SECURITIES EXCHANGE COMMISSION

Washington, D.C. 20549


FORM 8-K


CURRENT REPORT

Pursuant to Section 13 OR 15(d) of the Securities Exchange Act of 1934


Date of Report:

June 23, 2015


HITOR GROUP, INC.

(Exact name of registrant as specified in its charter)


Nevada

333-103986

98-0384073

State or other jurisdiction of incorporation

Commission File Number

IRS Identification No.


6513 132nd Ave NE #376

Kirkland WA 98033

(Address of principal executive offices and Zip Code)

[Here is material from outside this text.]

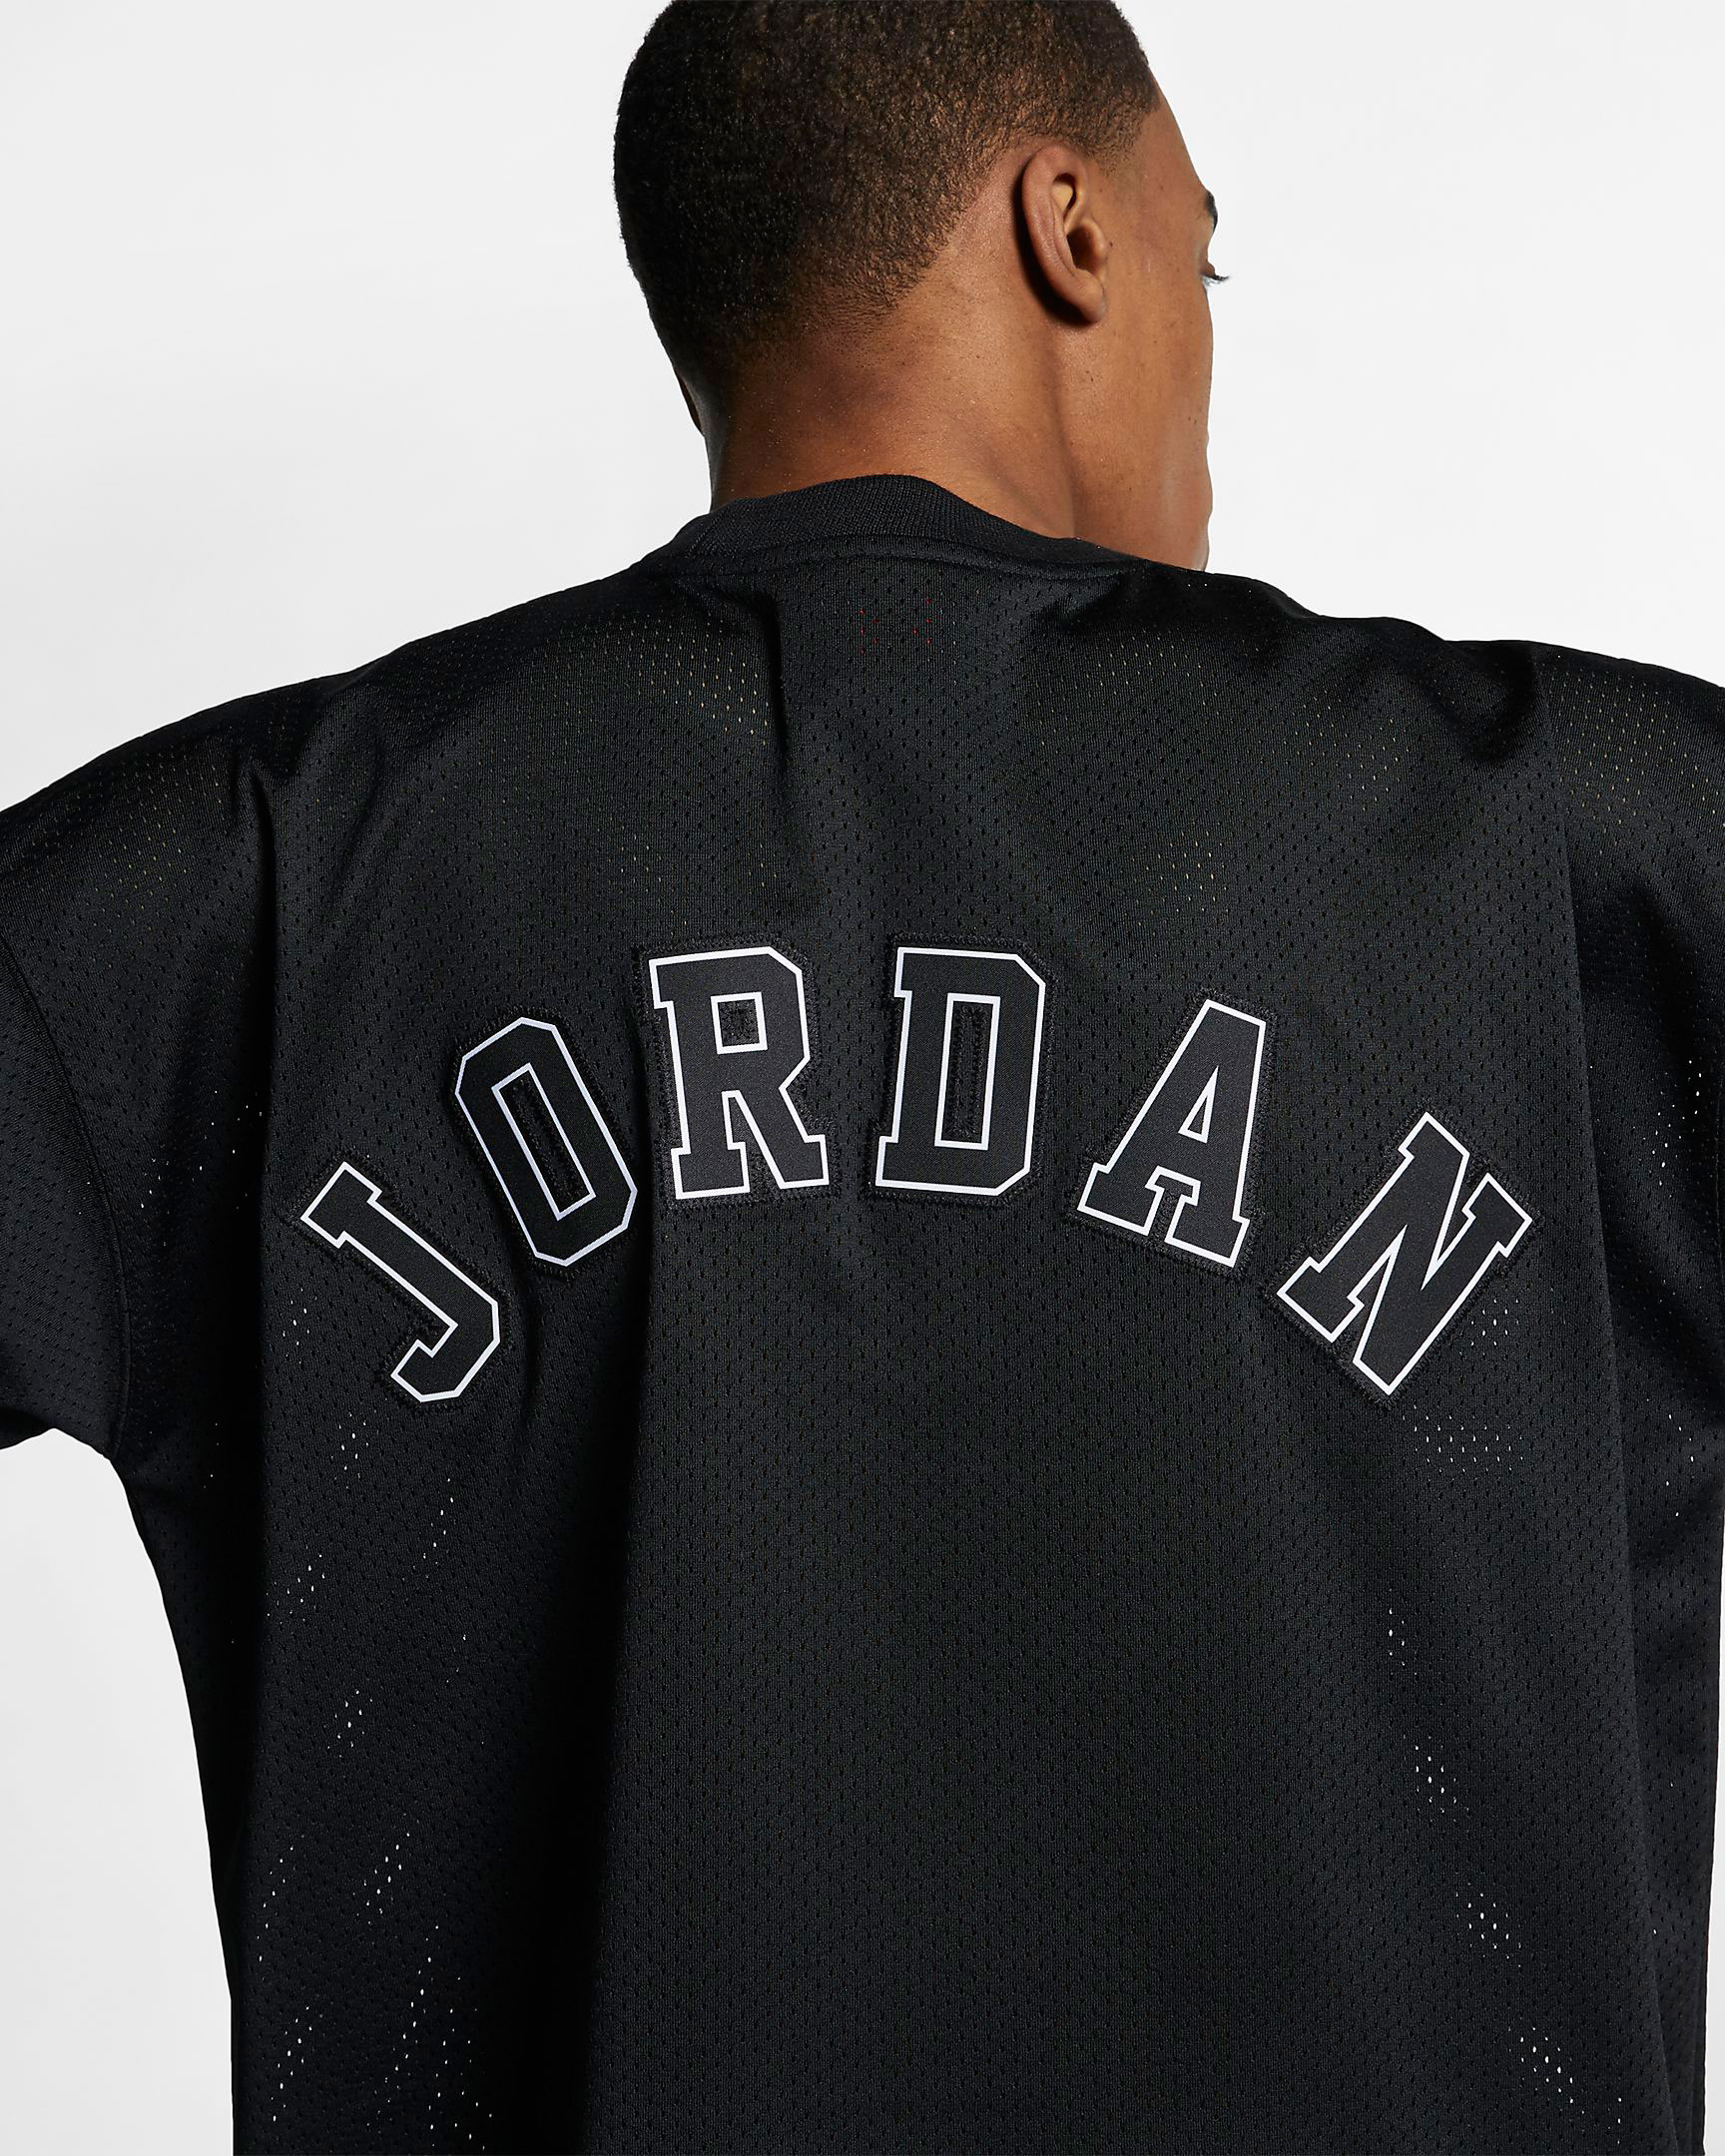 jordan 13 cap and gown shirts

Registrant’s telephone number, including area code:  (206) 245-5533


Check the appropriate box below if the Form 8-K filing is intended to simultaneously satisfy the filing obligation of the registrant under any of the following provisions (see General Instruction A.2. below):


[  ]

Written communications pursuant to Rule 425 under the Securities Act (17 CFR 230.425)

[  ]

Soliciting material pursuant to Rule 14a-12 under the Exchange Act (17 CFR 240.14a-12)

[  ]

Pre-commencement communications pursuant to Rule 14d-2(b) under the Exchange Act (17 CFR 240.14d-2(b))

[  ]

Pre-commencement communications pursuant to Rule 13e-4(c) under the Exchange Act (17 CFR 240.13e-4(c))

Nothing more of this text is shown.